# General Social Survey

"The GSS gathers data on contemporary American society in order to monitor and explain trends and constants in attitudes, behaviors, and attributes.  Hundreds of trends have been tracked since 1972. In addition, since the GSS adopted questions from earlier surveys, trends can be followed for up to 80 years.
The GSS contains a standard core of demographic, behavioral, and attitudinal questions, plus topics of special interest. Among the topics covered are civil liberties, crime and violence, intergroup tolerance, morality, national spending priorities, psychological well-being, social mobility, and stress and traumatic events.
Altogether the GSS is the single best source for sociological and attitudinal trend data covering the United States. It allows researchers to examine the structure and functioning of society in general as well as the role played by relevant subgroups and to compare the United States to other nations.
The General Social Survey is an extensive survey conducted on the public of the United States of America every 2 years, to attempt to record the state of society over time." - https://gss.norc.org/about-the-gss


#### Metadata and Variable Translations

The categorical variables in this dataset are contracted into abbreviated labels within the datafile, and the values themselves are numerically encoded. The corresponding labels are contained within the accompanying `gss_data_codes.json` file, and a couple of pre-built functions for decoding the data are included below.

The General Social Survey contains over 6000 variables, some of which are only available for a single year (these are known as Modules).
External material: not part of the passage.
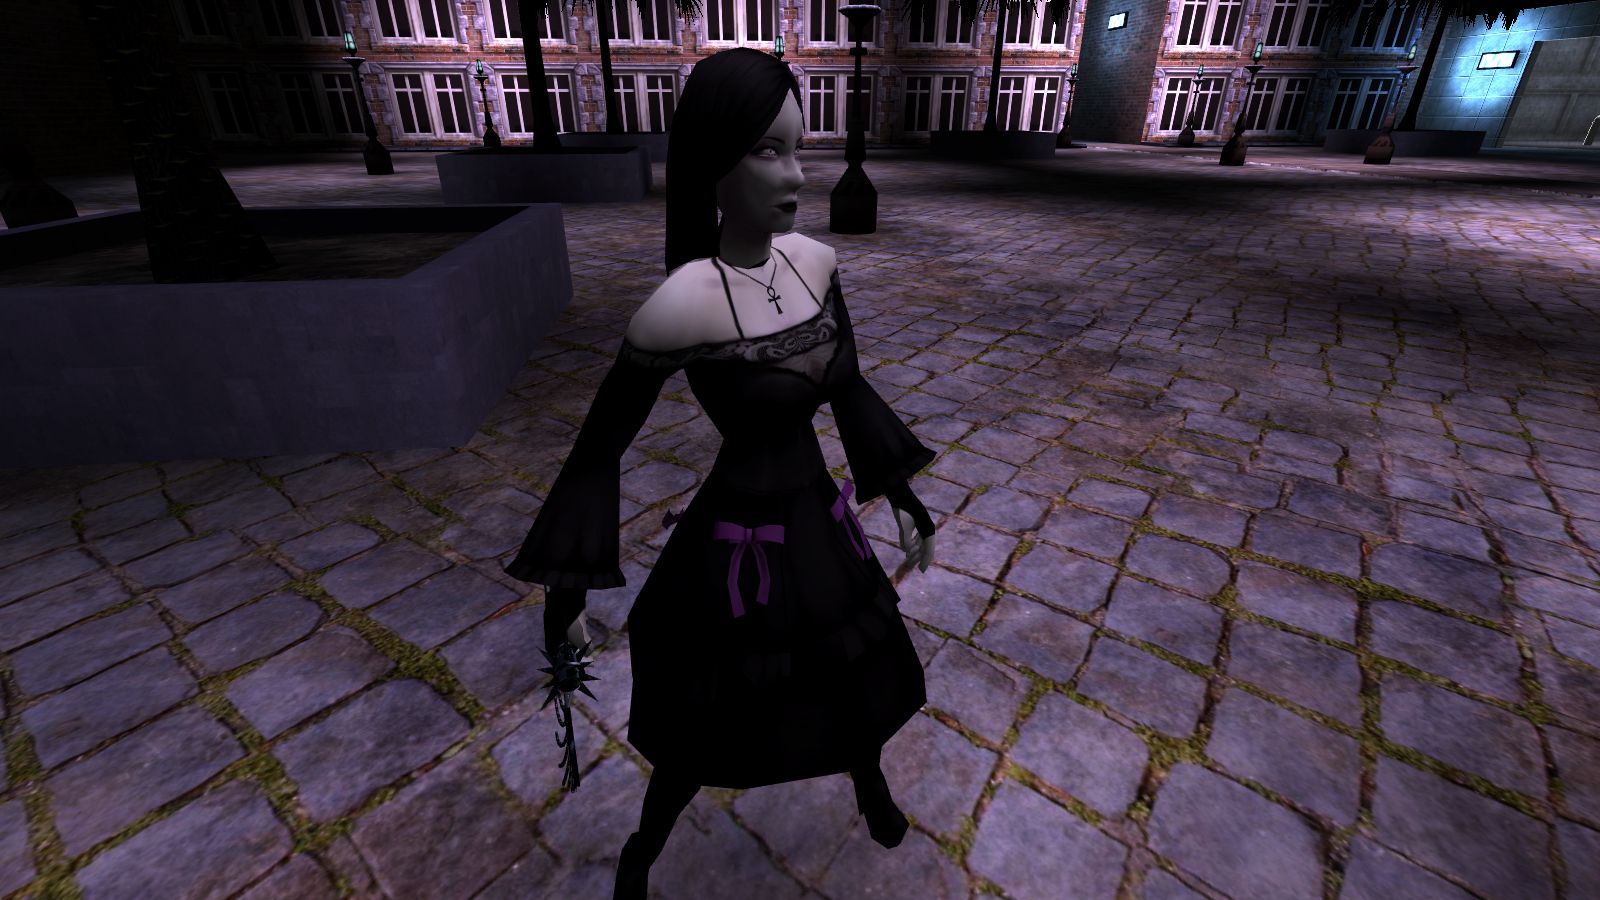 More information about "Gothic Girl"

The metadata for these variables (such as a more detailed explanation and the exact wording of the question they are in response to) can be found in the accompanying files `GSS_Codebook_index.pdf` and `GSS_Codebook_mainbody.pdf`. Alternatively their metadata can be found at the following websites:
* https://sda.berkeley.edu/D3/GSS18/Doc/hcbk.htm

Due to the large number of variables in the dataset (over 6000), it may be beneficial to look at the grouping of variables in either of these resources, and select some variables to pull into a smaller sub-DataFrame instead of attempting to analyse the entire dataset at once.


#### Weighting Variables

In some sections of the GSS, certain subgroups are oversampled. For example, although the survey was laid out so that each household in the US had an equal statistical chance of being represented, only one member of each household was selected for the questionnaire, meaning that people from larger households are statistically underrepresented with concern to Personal level variables. In the 1982 and 1987 surveys, Black correspondents were sampled at a higher rate, and thus are overrepresented in the data for these years. Further information on included weighting values and how to compensate for these can be found at the following websites:
* https://sda.berkeley.edu/D3/GSS18/Doc/hcbk.htm
* http://gss.norc.org/Lists/gssFAQs/DispForm.aspx?ID=11


## Starting Questions:
(These are just suggestions, feel free to pursue your own questions)

* What variables are correlated with people's political views?
    - Do people's pets correlate with their political views?
    - Do the amount of siblings people have correlate with their political views?
    - How do these effects compare to those of Age and State?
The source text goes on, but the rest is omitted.